I apologize if this question has been asked, I'm having trouble putting it into words.

如果有人问过这个问题,我很抱歉,我很难用语言表达。

I've been asked to filter out rows in a query where text from one field is contained in another field. An example would probably explain it better:

我被要求在查询中过滤掉一个字段中的文本包含在另一个字段中的行。一个例子可能会更好地解释它:

    Column_1         Column_2
    Low Static       Static
    Static           Static
    Static           Clear
                     Static
    Very Low Freq    Freq

The result of the query should return only rows 3 and 4, since rows 1, 2, and 5 contain strings that are similar. Right now, I have the following condition:

查询结果应仅返回第 3 行和第 4 行,因为第 1、2 和 5 行包含相似的字符串。

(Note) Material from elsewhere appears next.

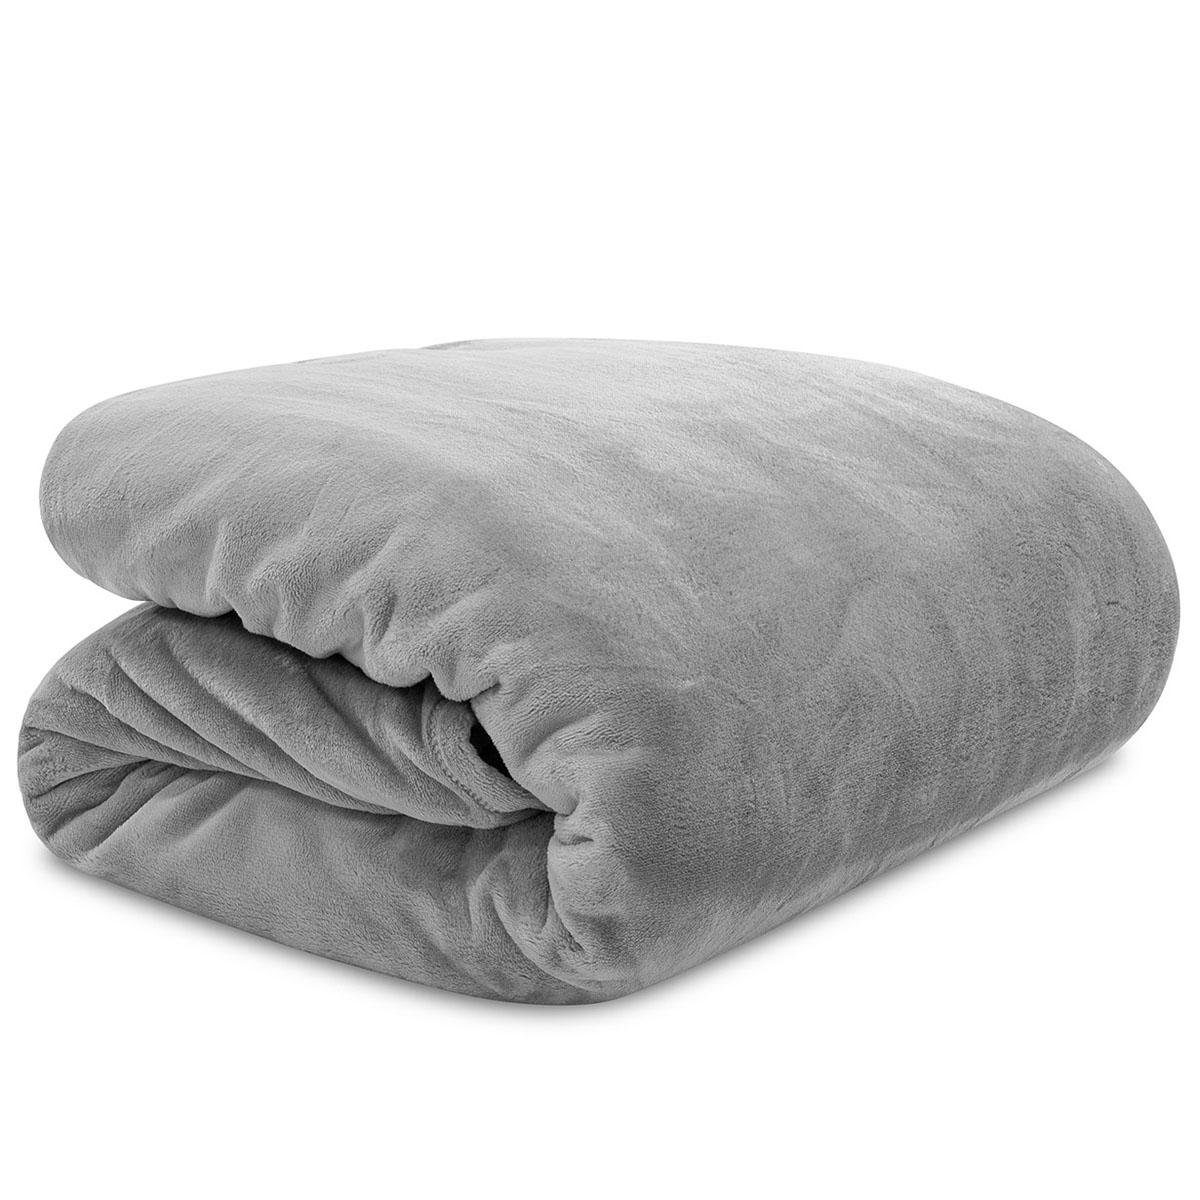 Ralph Lauren Micromink Plush Blanket for $19.99

现在,我有以下条件:

    WHERE
    ((Column_2 NOT LIKE '%' || Column_1 || '%')
    OR (Column_1 NOT LIKE '%' || Column_2 || '%' OR Column_1 IS NULL))

However, it's returning rows 1, 3, 4, and 5 when I want to only return rows 3 and 4. This is just example data, my actual dataset contains many different text strings in columns 1 and 2, so I can't just write specific case statements to exlcude certain instances where the columns are similar.

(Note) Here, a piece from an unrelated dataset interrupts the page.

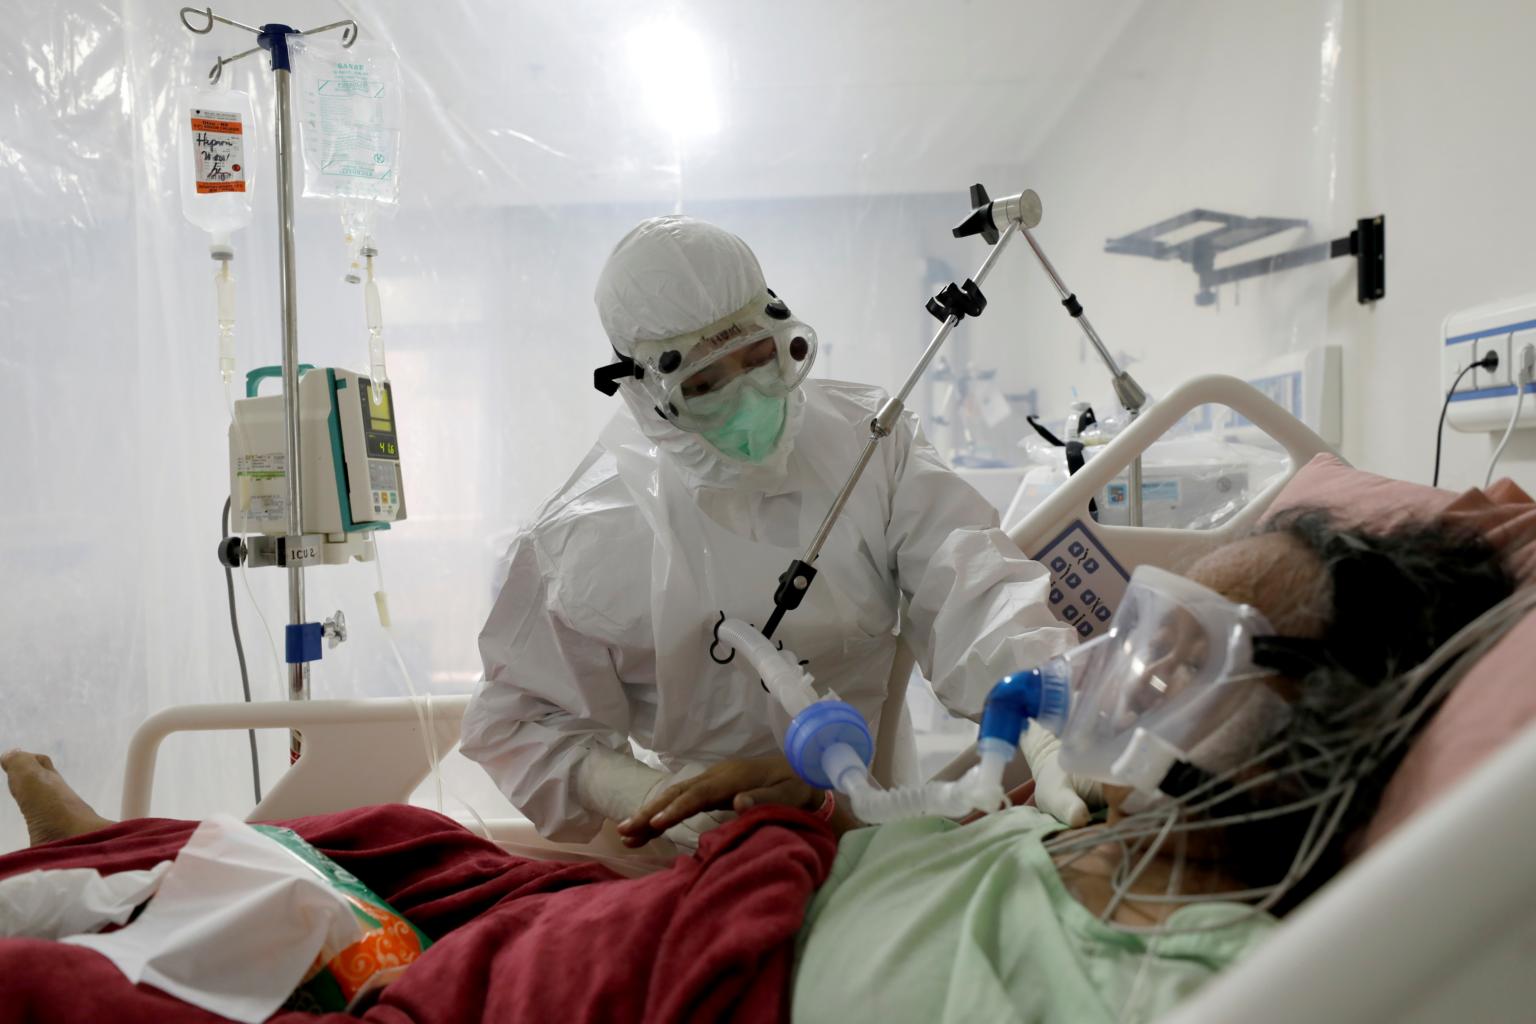 Hệ thống chăm sóc sức khỏe mong manh của Indonesia đang đứng trên bờ vực của sự sụp đổ. ẢNH: REUTERS

但是,当我只想返回第 3 行和第 4 行时,它会返回第 1、3、4 和 5 行。这只是示例数据,我的实际数据集在第 1 列和第 2 列中包含许多不同的文本字符串,所以我不能只是编写特定的 case 语句以排除某些列相似的实例。

Maybe this just isn't possible, since I'm unable to define a string as something contained within 2 spaces, while at the same time taking into consideration cases where there are no spaces?

也许这是不可能的,因为我无法将字符串定义为包含在 2 个空格内的内容,同时考虑到没有空格的情况?

Thanks

谢谢

采纳答案by Gordon Linoff

For your expression, I think you want andrather than or:

对于你的表达,我认为你想要and而不是or

WHERE ((Column_2 NOT LIKE '%' || Column_1 || '%') AND
       (Column_1 NOT LIKE '%' || Column_2 || '%' OR Column_1 IS NULL)
      )

You need for both conditions to be true. You might find the logic easier to follow as:

您需要同时满足这两个条件。您可能会发现以下逻辑更易于遵循:

WHERE NOT (Column_2 LIKE '%' || Column_1 || '%' OR
           Column_1 LIKE '%' || Column_2 || '%'
          )

回答by codenheim

The approach you are going with is going to do full table scans so it wont scale as the table grows. If you want to implement a more efficient solution (without using Oracle large text indexing) that will use an index, use a function based index to pre-calculate the columns common substrings.

您采用的方法是进行全表扫描,因此它不会随着表的增长而扩展。如果要实现使用索引的更有效的解决方案(不使用 Oracle 大文本索引),请使用基于函数的索引来预先计算列的公共子字符串。

Using INSTR() you can find whether a column is a substring of another column, and return a score for that. 0 means no match.

使用 INSTR() 可以找到一列是否是另一列的子字符串,并返回一个分数。0 表示不匹配。

create index ix_t_score on t (instr(nvl(column_1,' '), nvl(column_2, ' ')),
                              instr(nvl(column_2,' '), nvl(column_1, ' ')));

Now write the query such that it allows Oracle to use the indexes.

现在编写查询以允许 Oracle 使用索引。

-- Find rows that don't have common strings
select * from t
  where instr(nvl(column_1, ' '), nvl(column_2, ' ')) = 0 and
        instr(nvl(column_2, ' '), nvl(column_1, ' ')) = 0;

-- Find rows that do
select * from t
  where instr(nvl(column_1, ' '), nvl(column_2, ' ')) > 0 or
        instr(nvl(column_2, ' '), nvl(column_1, ' ')) > 0;


set autotrace on


Execution Plan
----------------------------------------------------------
Plan hash value: 4100696360

---------------------------------------------------------------------------------
| Id  | Operation         | Name        | Rows  | Bytes | Cost (%CPU)| Time     |
---------------------------------------------------------------------------------
|   0 | SELECT STATEMENT  |             |     1 |    22 |     2   (0)| 00:00:01 |
|   1 |  SORT AGGREGATE   |             |     1 |    22 |            |          |
|*  2 |   INDEX RANGE SCAN| IX_T_SCORE  |     1 |    22 |     2   (0)| 00:00:01 |
---------------------------------------------------------------------------------


Predicate Information (identified by operation id):
---------------------------------------------------

   2 - access(INSTR(NVL("COLUMN_1",' '),NVL("COLUMN_2",' '))=0 AND
              INSTR(NVL("COLUMN_2",' '),NVL("COLUMN_1",' '))=0)

You can simplify it by creating a deterministic stored procedure / function to return a score, and the SQL becomes much simpler than the above. The use of NVL() is to take care of columns with nulls.

你可以通过创建一个确定性的存储过程/函数来返回一个分数来简化它,SQL变得比上面的简单得多。NVL() 的用途是处理带有空值的列。